Lax’s ruling also gives conditional approval to Ridley’s proposal to settle out of the Ontario suit, as the feed company announced Thursday.

That settlement, worth $6 million nationwide, would end Ridley’s exposure to these suits but does not require the feed company to admit to any wrongdoing or negligence. The company denies the suits’ allegations.

Besides, Lax wrote, shareholders’ equity in Ridley is such that Canada’s cattle producers, if successful in their suits, would only see a tiny fraction of their claimed damages paid out to them before the feed company would be forced into bankruptcy.

Ridley’s settlement, she wrote, “focuses the litigation on the party that is capable of providing meaningful compensation to class members.”

The lawsuits’ allegations against the government, in its role as regulator of Canada’s cattle industry, have yet to be proven in court.

The Ontario suit had originally proposed to include cattle producers from the six remaining provinces as part of its “class,” but as Lax noted in her ruling, the Ontario statement of claim has been amended to include cattle producers in all provinces except Quebec as part of the “class.”

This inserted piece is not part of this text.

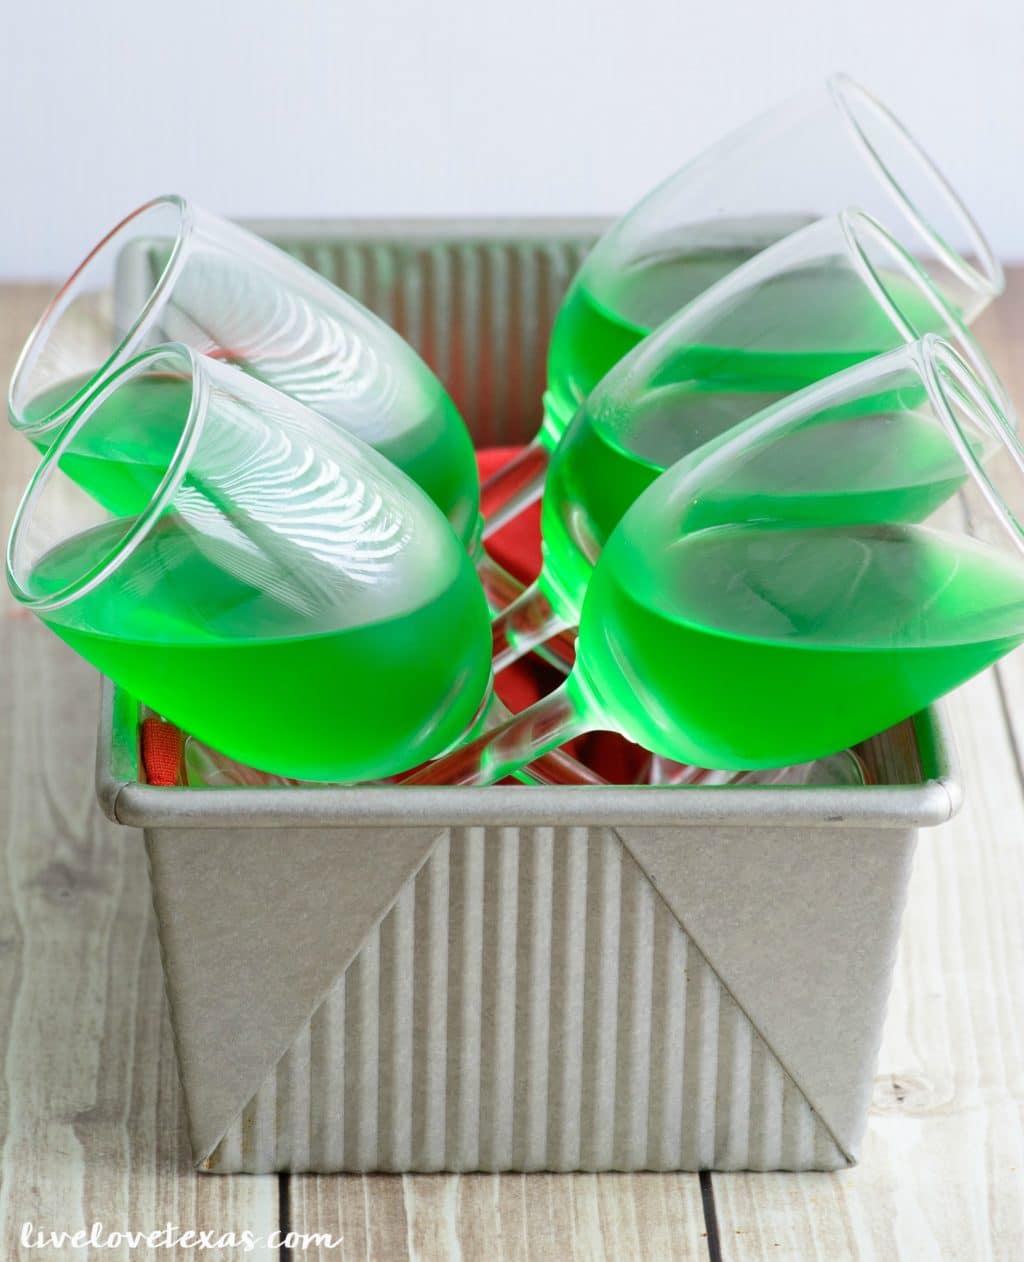 How do you make jello parfait? Lime Jello chilling in fridge at angle in wine glasses.

The Quebec suit was already separately certified as a class action in June 2007, with cattleman Donald Berneche of St-Gabriel de Brandon as its representative plaintiff.

Stayed

With Lax’s ruling, the representative plaintiffs in the Alberta and Saskatchewan suits “will seek a stay of those actions so that the four actions become two: the Quebec action and an Ontario action in which Sauer will represent all cattle farmers in Canada, except Quebec,” she wrote.

Ottawa and Ridley had appealed separately to the Supreme Court of Canada in September last year to block certification of the suits before they could proceed in lower courts, but the country’s top court in July rejected both the company’s and the government’s appeals.

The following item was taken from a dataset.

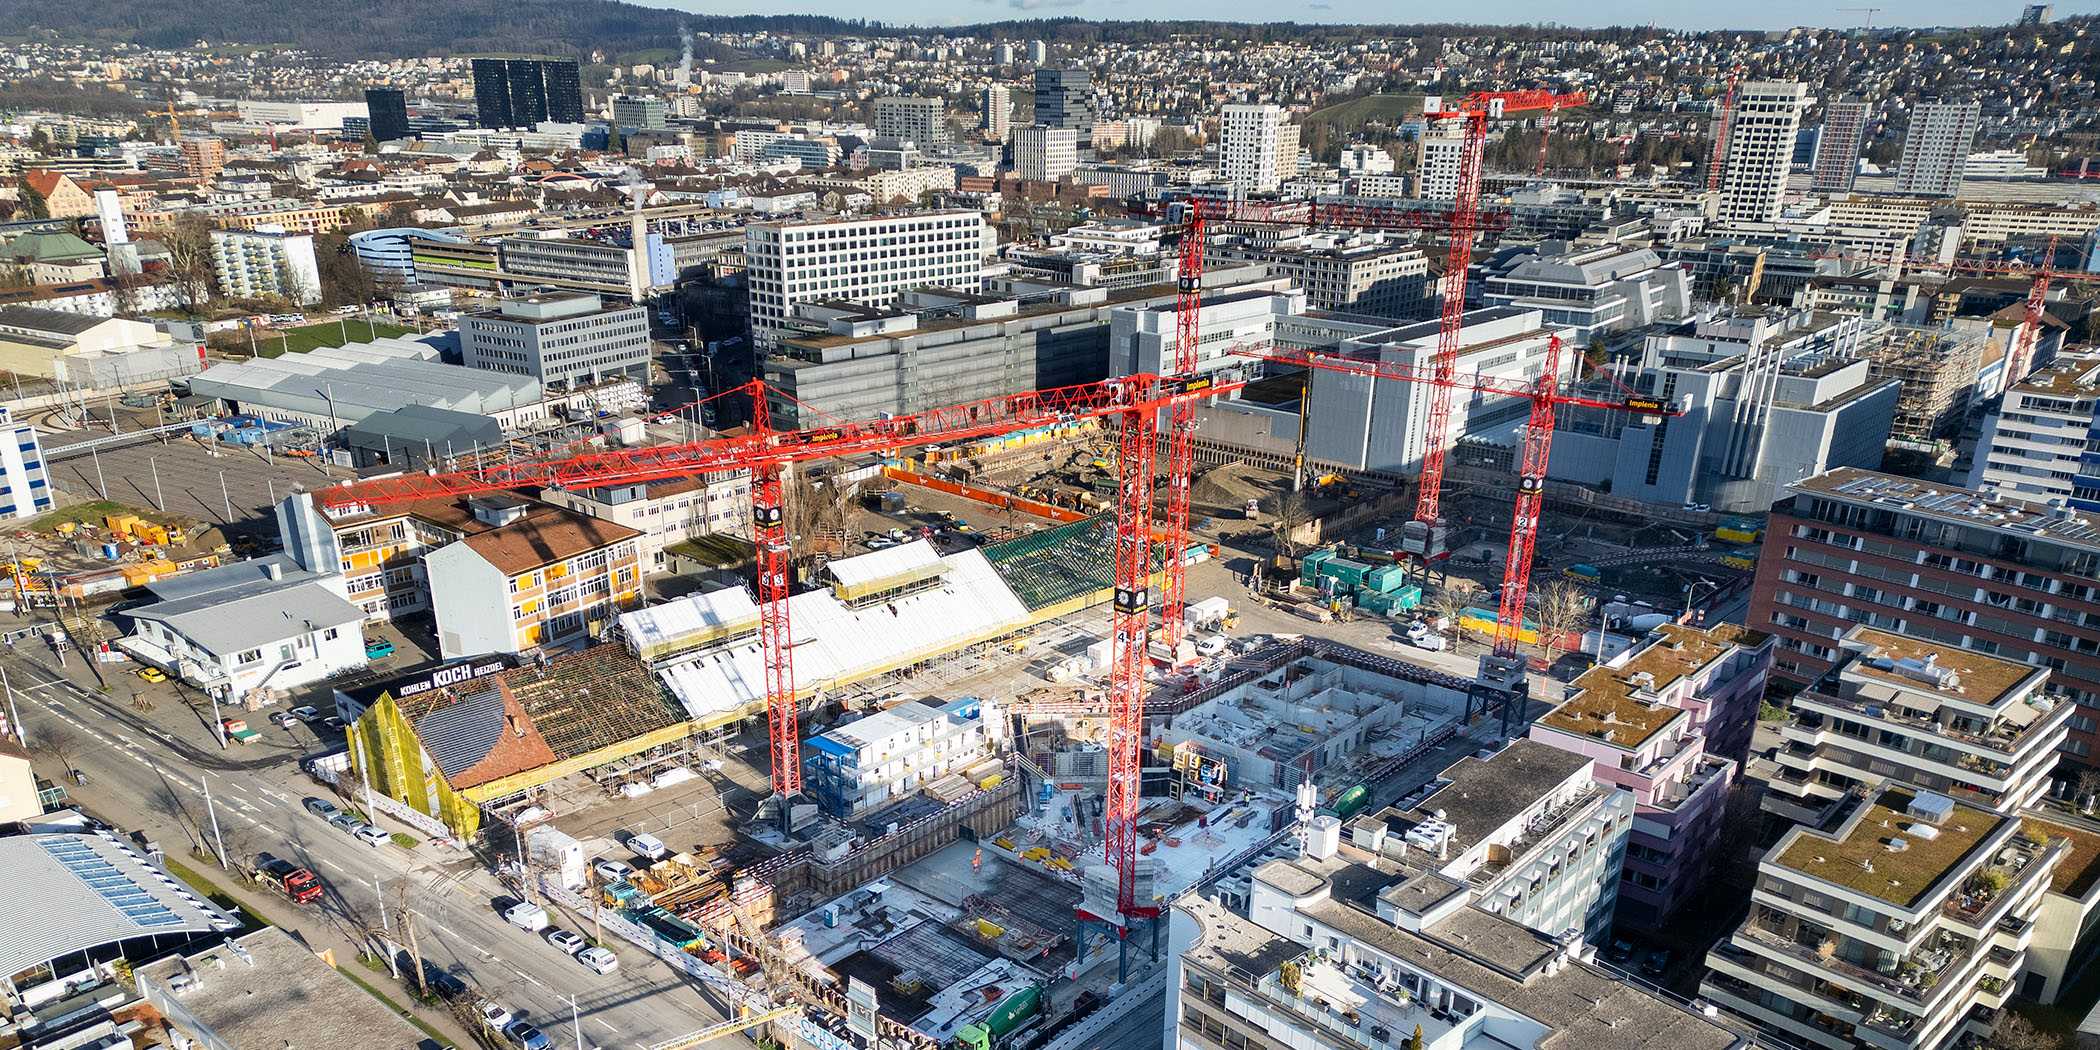 Koch site in Zurich-Altstetten from the air, showing construction site with cranes.

In arguing against certification before Lax at a hearing in June, federal government lawyers contended that the suits’ proposed “class” didn’t offer any definition of what constitutes a cattle farmer and that it would be “subjective and unworkable,” given the different sectors (dairy, beef, veal, breeding) and stages (cow-calf, backgrounding, feeding) in cattle operations, Lax wrote.

But Lax ruled that the suits’ proposed class members “all have a relationship to the farming of cattle from which they earn their livelihood in whole or in part.”

Where government lawyers argued that certification as a class action would make assessment of actual damages unmanageable, Lax ruled that the “ghostly spectre of unmanageability” in this case was unconvincing.

“As with most ghosts,” she wrote, “it will either vanish in the daylight of case management, the direction of the trial judge or agreement of the parties, or it will return in the night to haunt this proceeding,” in which case Ottawa could then move to have the suit decertified.

Details aren’t finalized on who or what groups would be eligible to collect from Ridley’s $6 million settlement fund — nor on how they would collect.